Test count: ~1700 unit tests as of 2.14.x. The Textual TUI has a Pilot-driven harness in `tests/unit/test_textual_tui.py` covering modal lifecycles, slash commands, and tree-op actions.

## Citation

```bibtex
@software{towell_ctk_2026,
  author    = {Towell, Alex},
  title     = {{CTK}: Conversation Toolkit},
  year      = 2026,
  publisher = {GitHub},
  url       = {https://github.com/queelius/ctk},
  version   = {2.14.0}
}
```

Or use [CITATION.cff](CITATION.cff) for automatic citation in GitHub.

## License

MIT. See [LICENSE](LICENSE).

## Contributing

Contributions welcome.
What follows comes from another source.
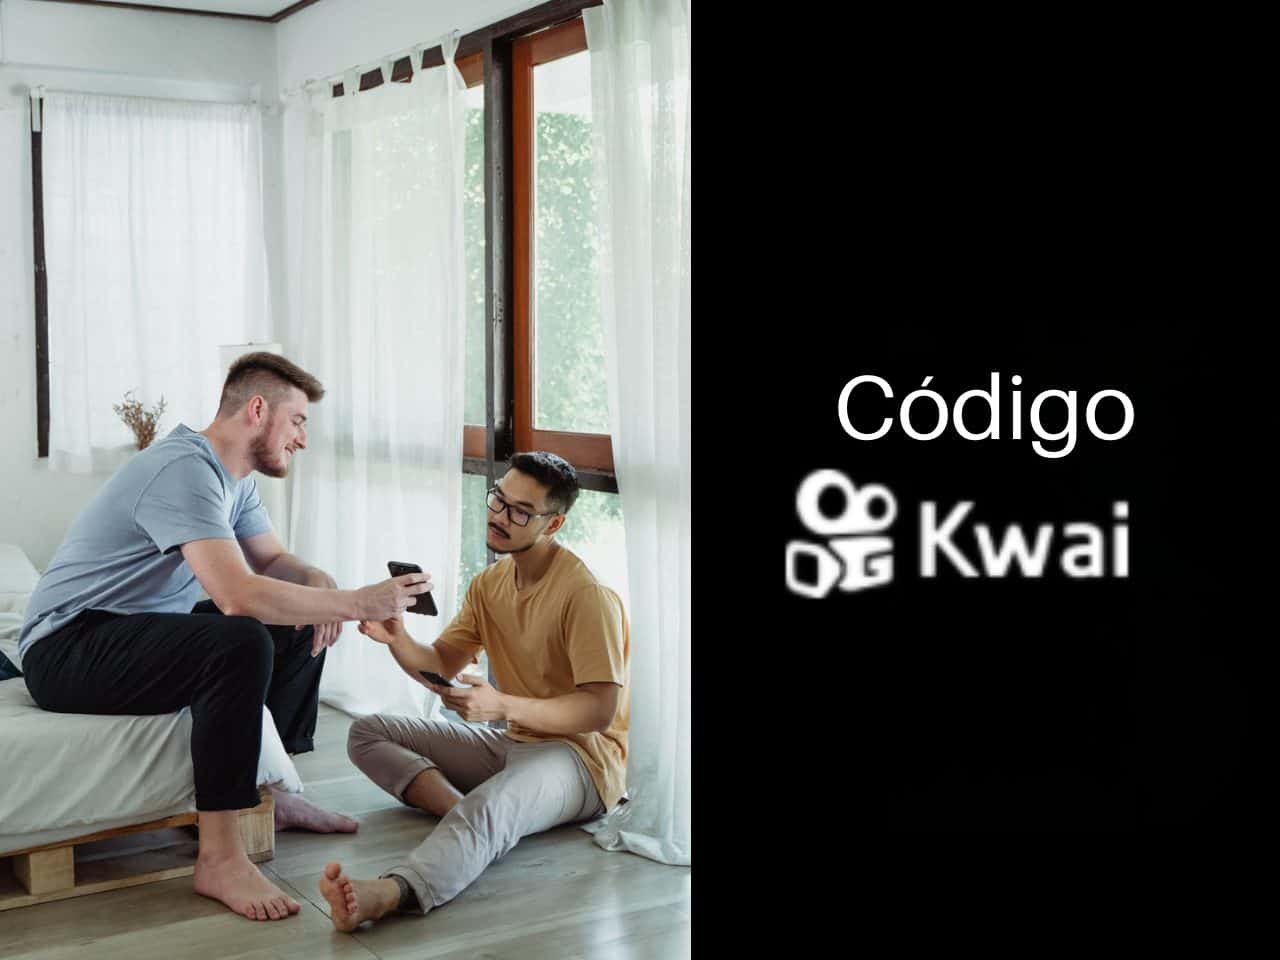 Codigo Kwai - Ganhe até 600R$ Coloque o Código de Convite Kwai 334 770 933

To add a new provider import format:

1. Create `ctk/importers/<name>.py` with an `ImporterPlugin` subclass.
2. Implement `validate()` and `import_data()`.
3. Add tests in `tests/unit/test_<name>_importer.py`.
4. Submit a PR.

The same pattern applies to exporters in `ctk/exporters/`. New TUI bindings, slash commands, and tool providers also welcome (see `ctk/tui/slash.py` and `ctk/core/tools_registry.py`).